WHAT IS BEING ASKED: Retype the data exactly, skipping any picture in it.
** Opening INPUT MATERIAL block **
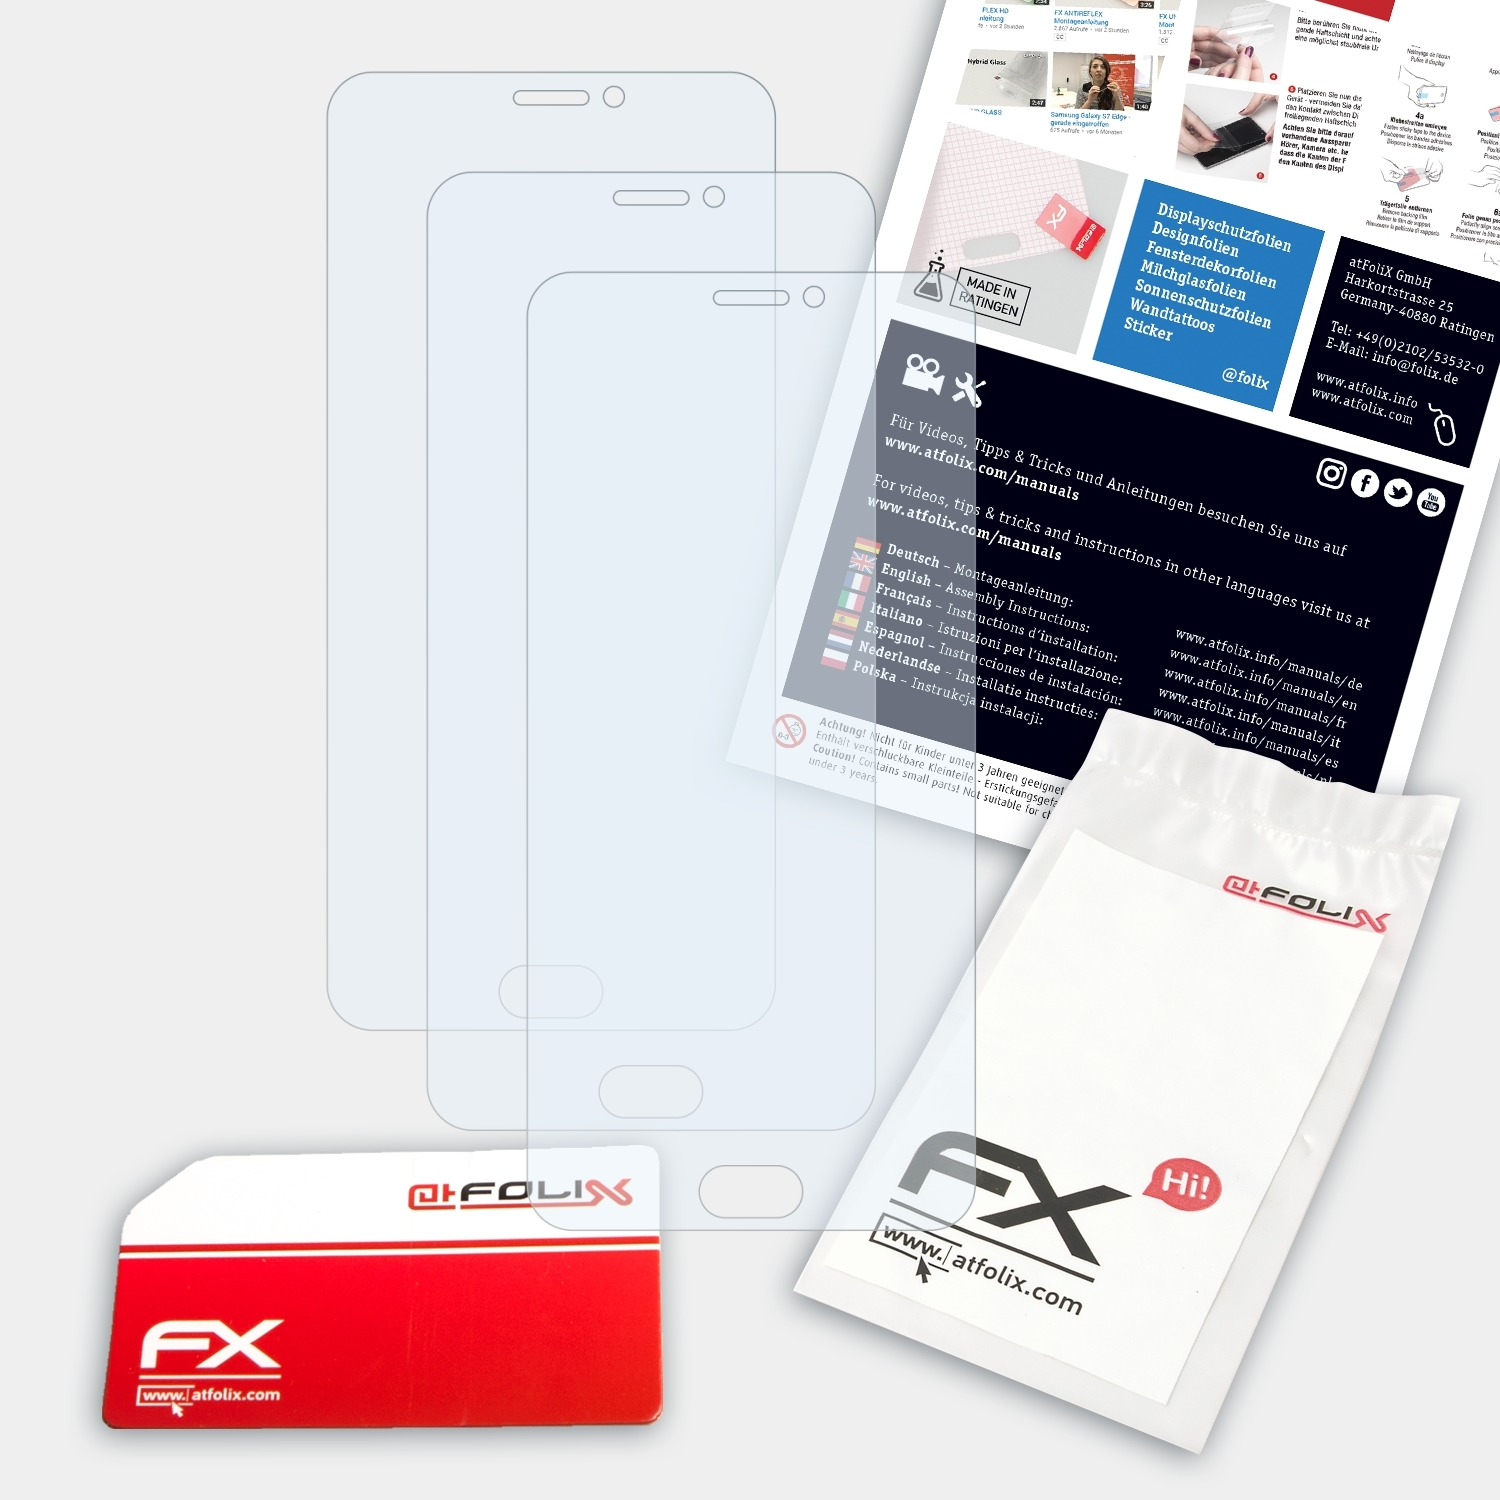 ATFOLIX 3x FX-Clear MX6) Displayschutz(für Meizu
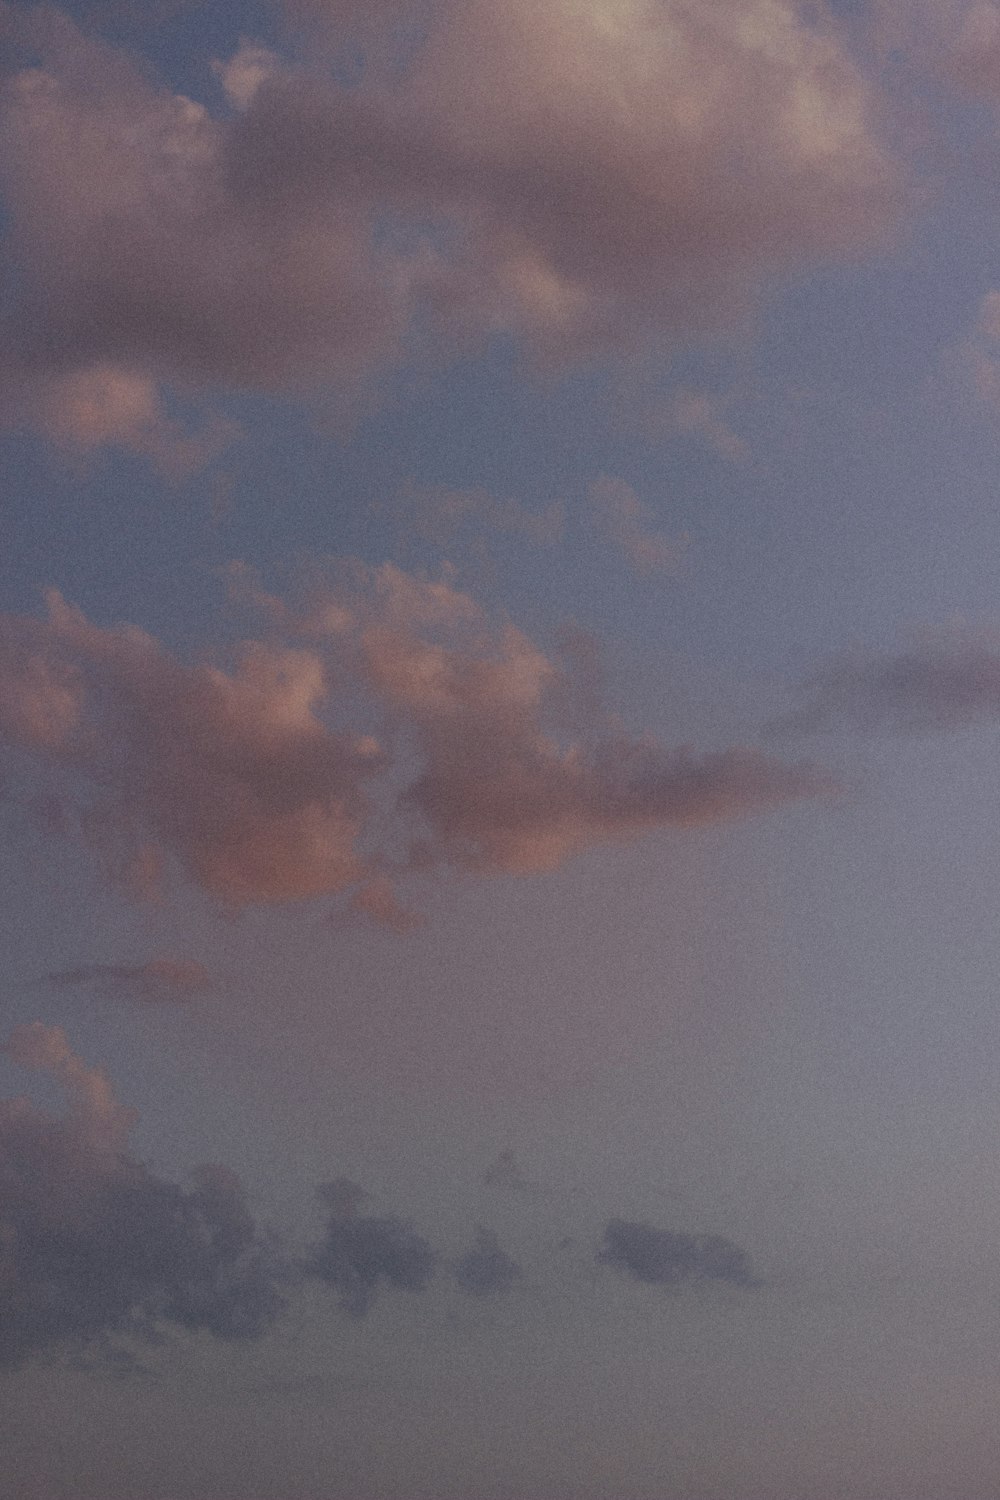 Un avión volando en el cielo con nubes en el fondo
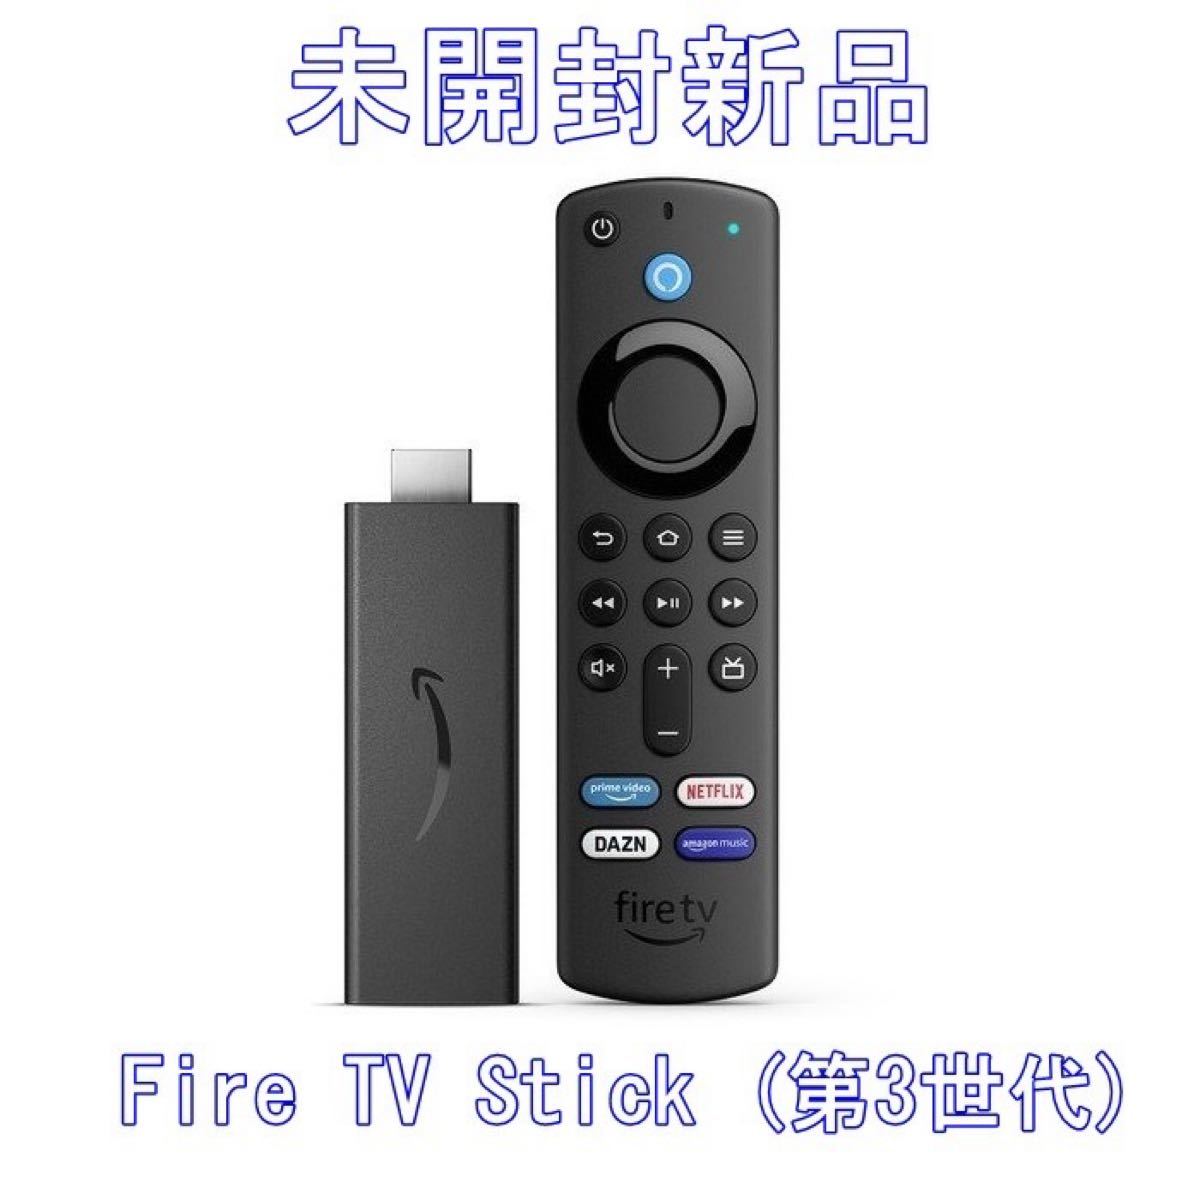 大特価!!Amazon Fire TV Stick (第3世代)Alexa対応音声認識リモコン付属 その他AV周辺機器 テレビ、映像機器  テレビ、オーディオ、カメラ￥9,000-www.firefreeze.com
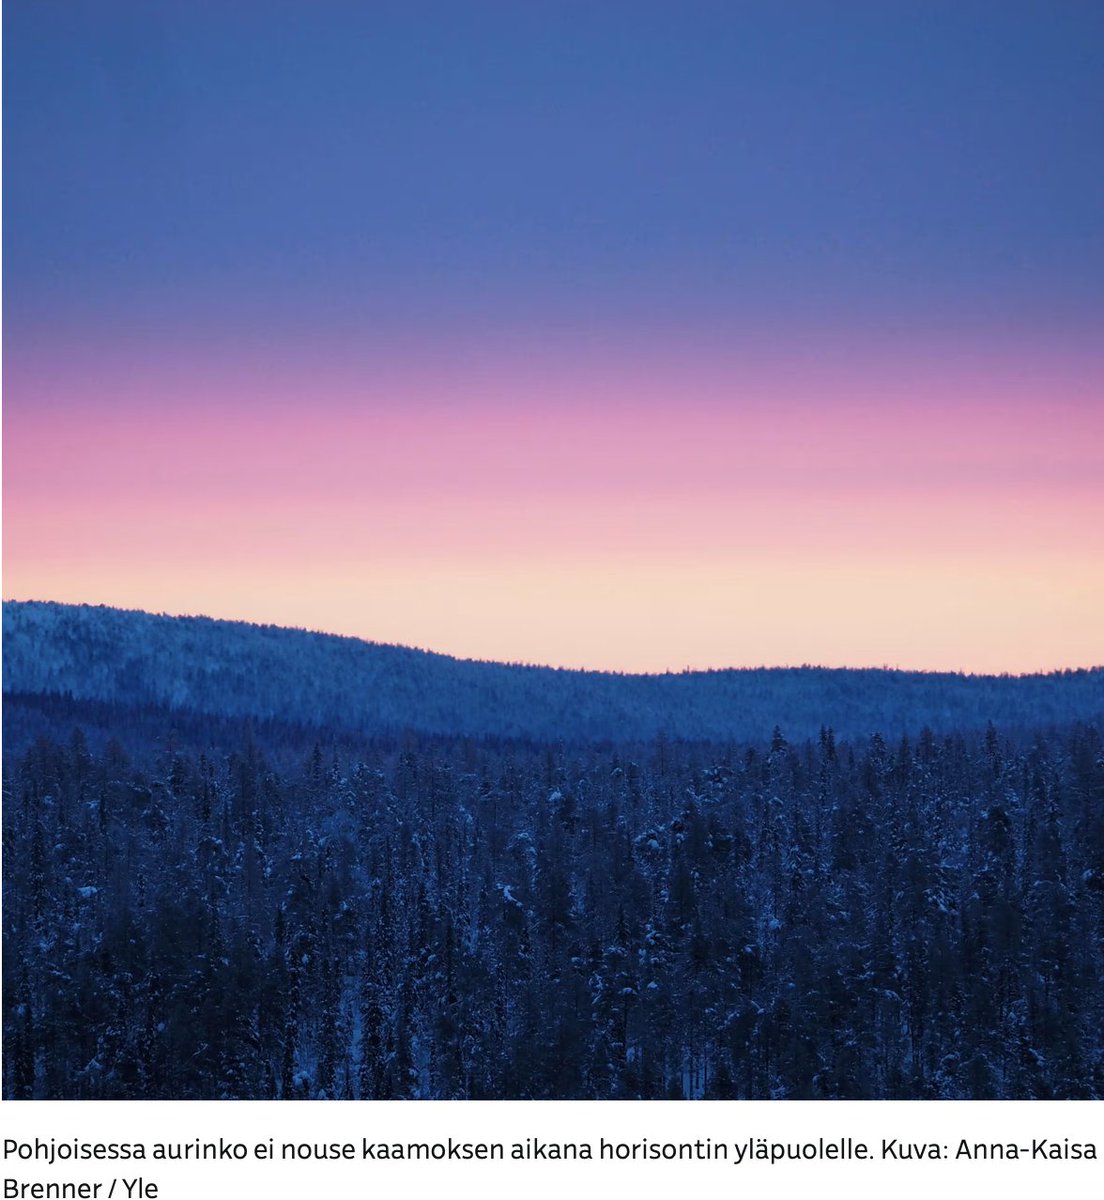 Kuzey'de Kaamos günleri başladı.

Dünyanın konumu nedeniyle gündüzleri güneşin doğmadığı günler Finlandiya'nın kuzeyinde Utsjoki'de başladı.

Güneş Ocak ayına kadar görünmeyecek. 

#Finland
** Closing INPUT MATERIAL block **
WORKED SOLUTION:
 ATFOLIX 3x FX-Clear MX6) Displayschutz(für Meizu
 Un avión volando en el cielo con nubes en el fondo
 大特価!!Amazon Fire TV Stick (第3世代)Alexa対応音声認識リモコン付属 その他AV周辺機器 テレビ、映像機器  テレビ、オーディオ、カメラ￥9,000-www.firefreeze.com
 Kuzey'de Kaamos günleri başladı.

Dünyanın konumu nedeniyle gündüzleri güneşin doğmadığı günler Finlandiya'nın kuzeyinde Utsjoki'de başladı.

Güneş Ocak ayına kadar görünmeyecek. 

#Finland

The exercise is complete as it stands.